DATA EXCERPT:
Start of Block

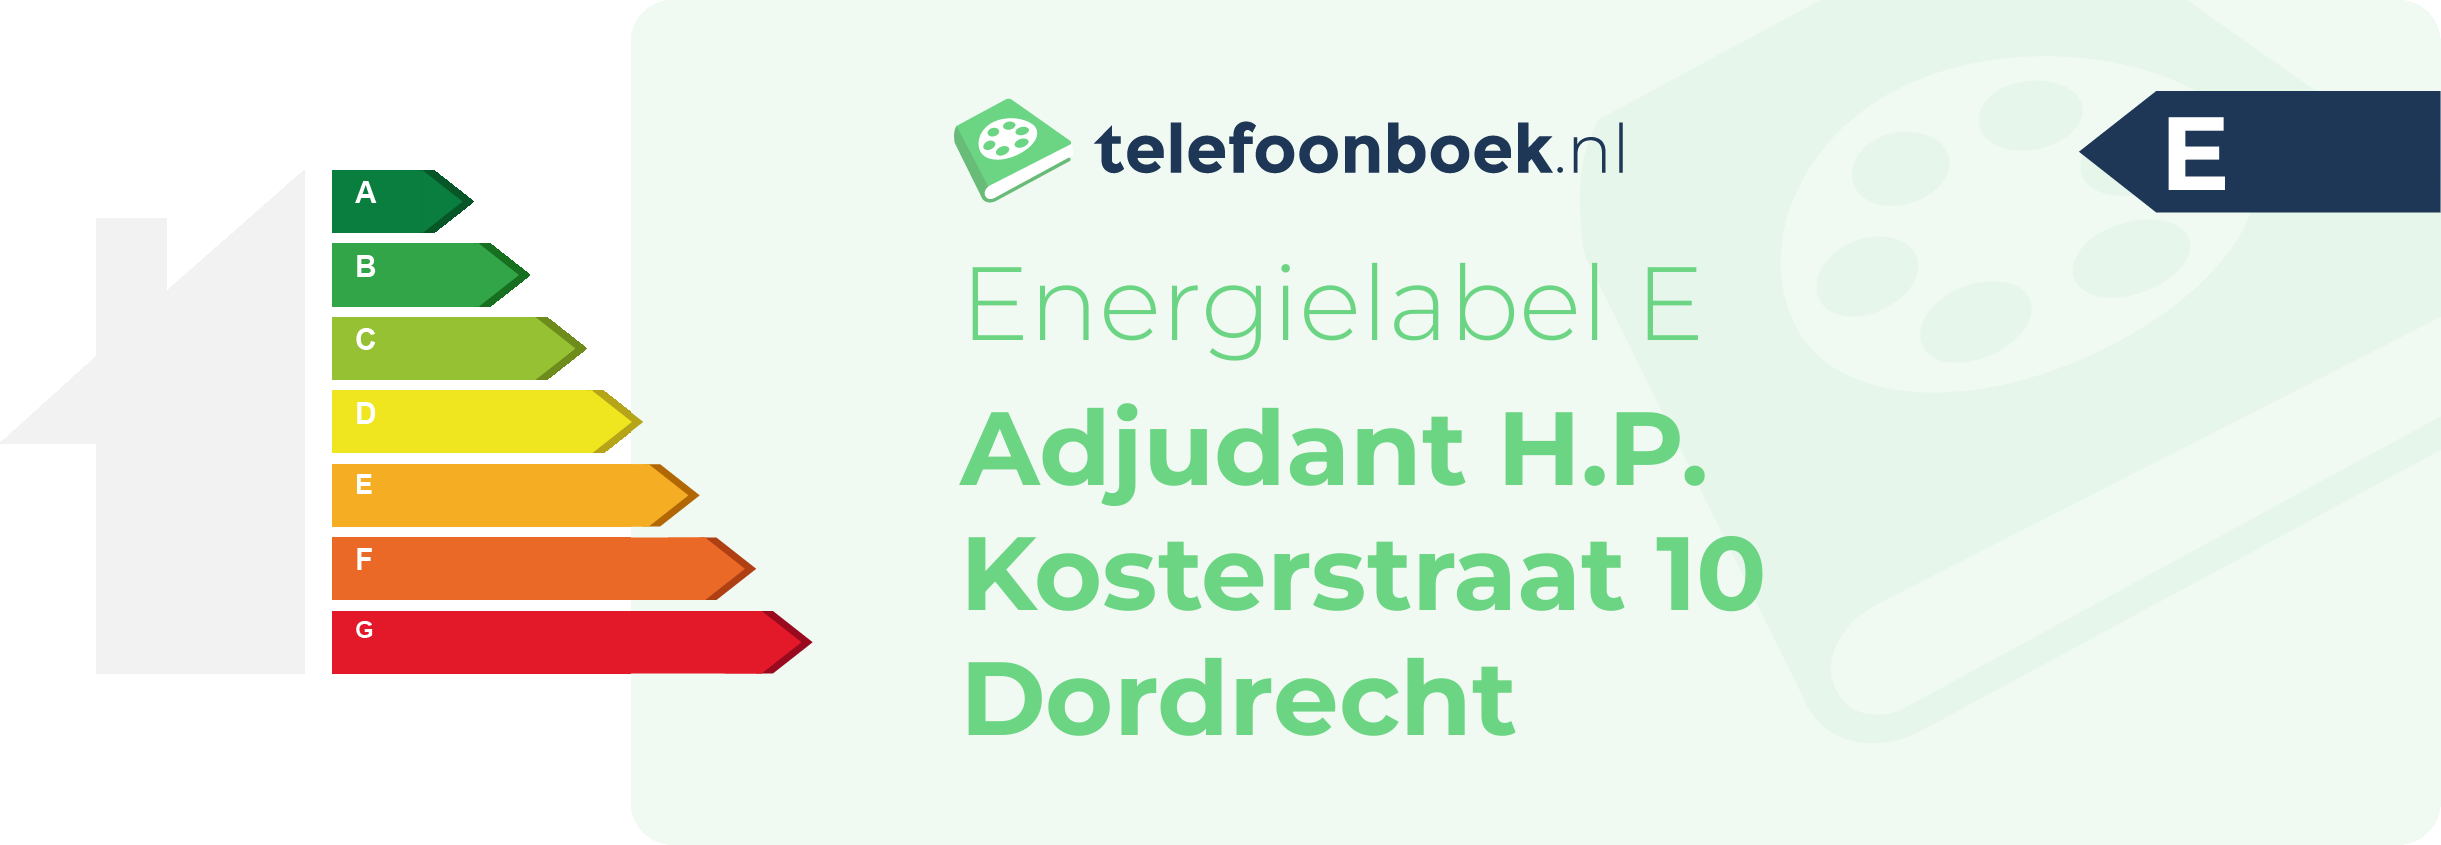 Energielabel Adjudant H.P. Kosterstraat 10 Dordrecht
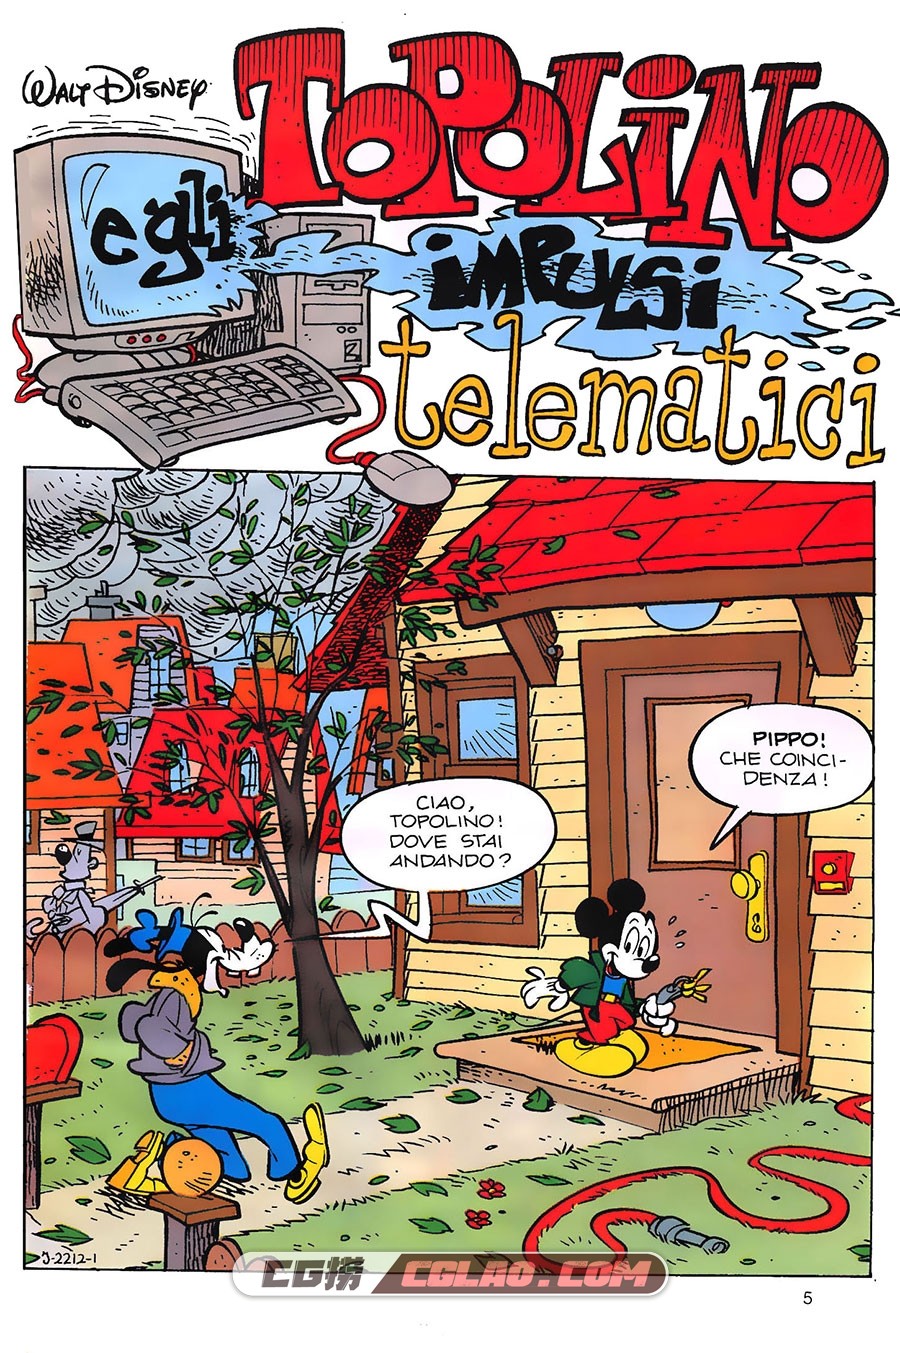 I Classici Disney 410 Serie II Le Storie che hanno fatto storia 漫画,Classici-Disney-410-Bibbo64_005.jpg
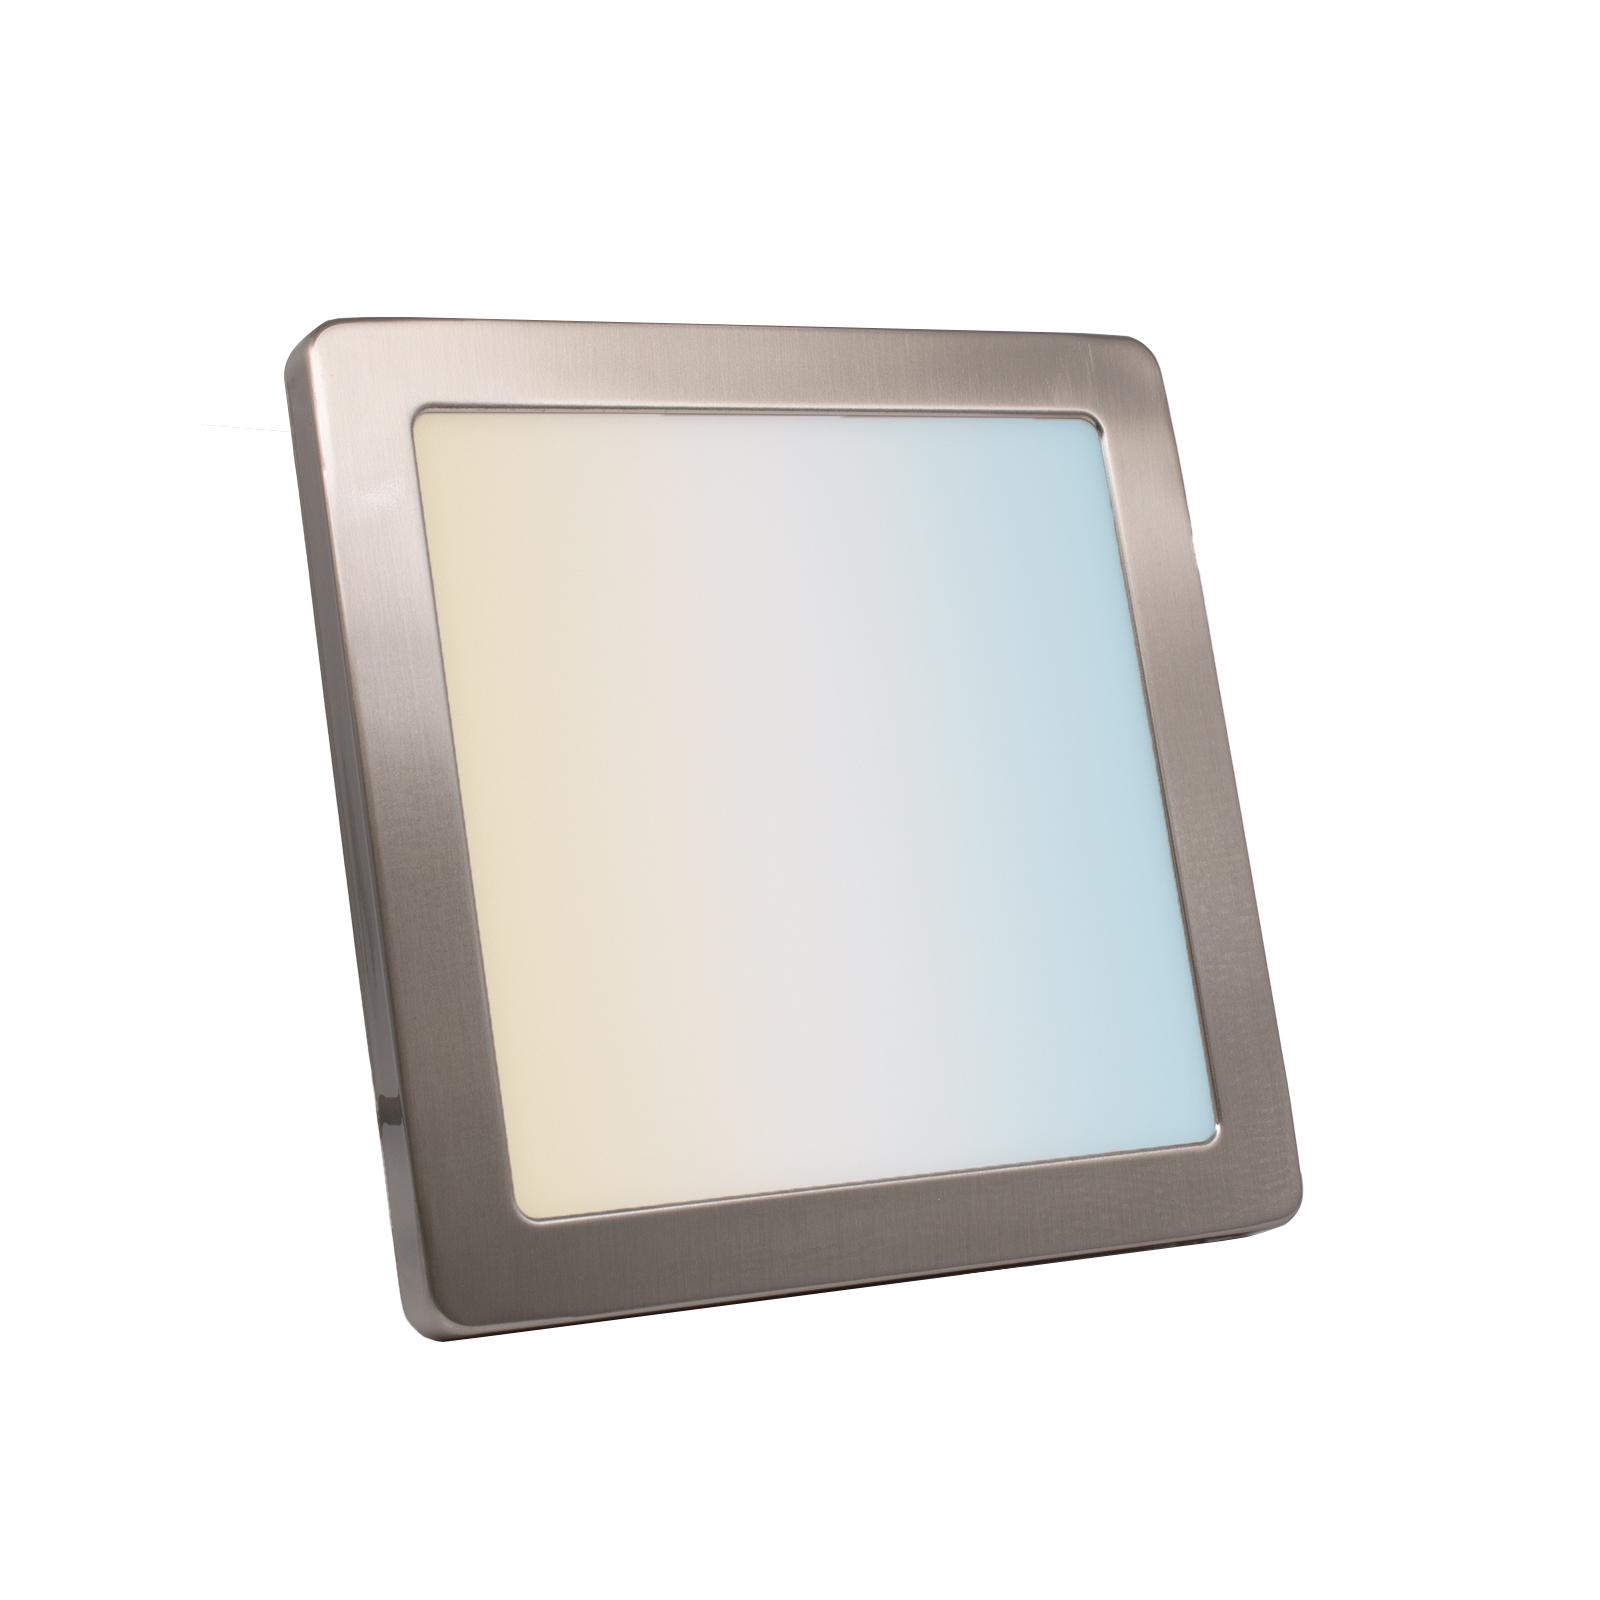 CCT LED Ein-Aufbaustrahler eckig silber 18W 217x217 mit Silber-farbigen Abdeckring

End of Block

WHAT THE TASK ASKS: Return all the material exactly, skipping pictures.

TASK RESULT:
 Energielabel Adjudant H.P. Kosterstraat 10 Dordrecht
 I Classici Disney 410 Serie II Le Storie che hanno fatto storia 漫画,Classici-Disney-410-Bibbo64_005.jpg
 CCT LED Ein-Aufbaustrahler eckig silber 18W 217x217 mit Silber-farbigen Abdeckring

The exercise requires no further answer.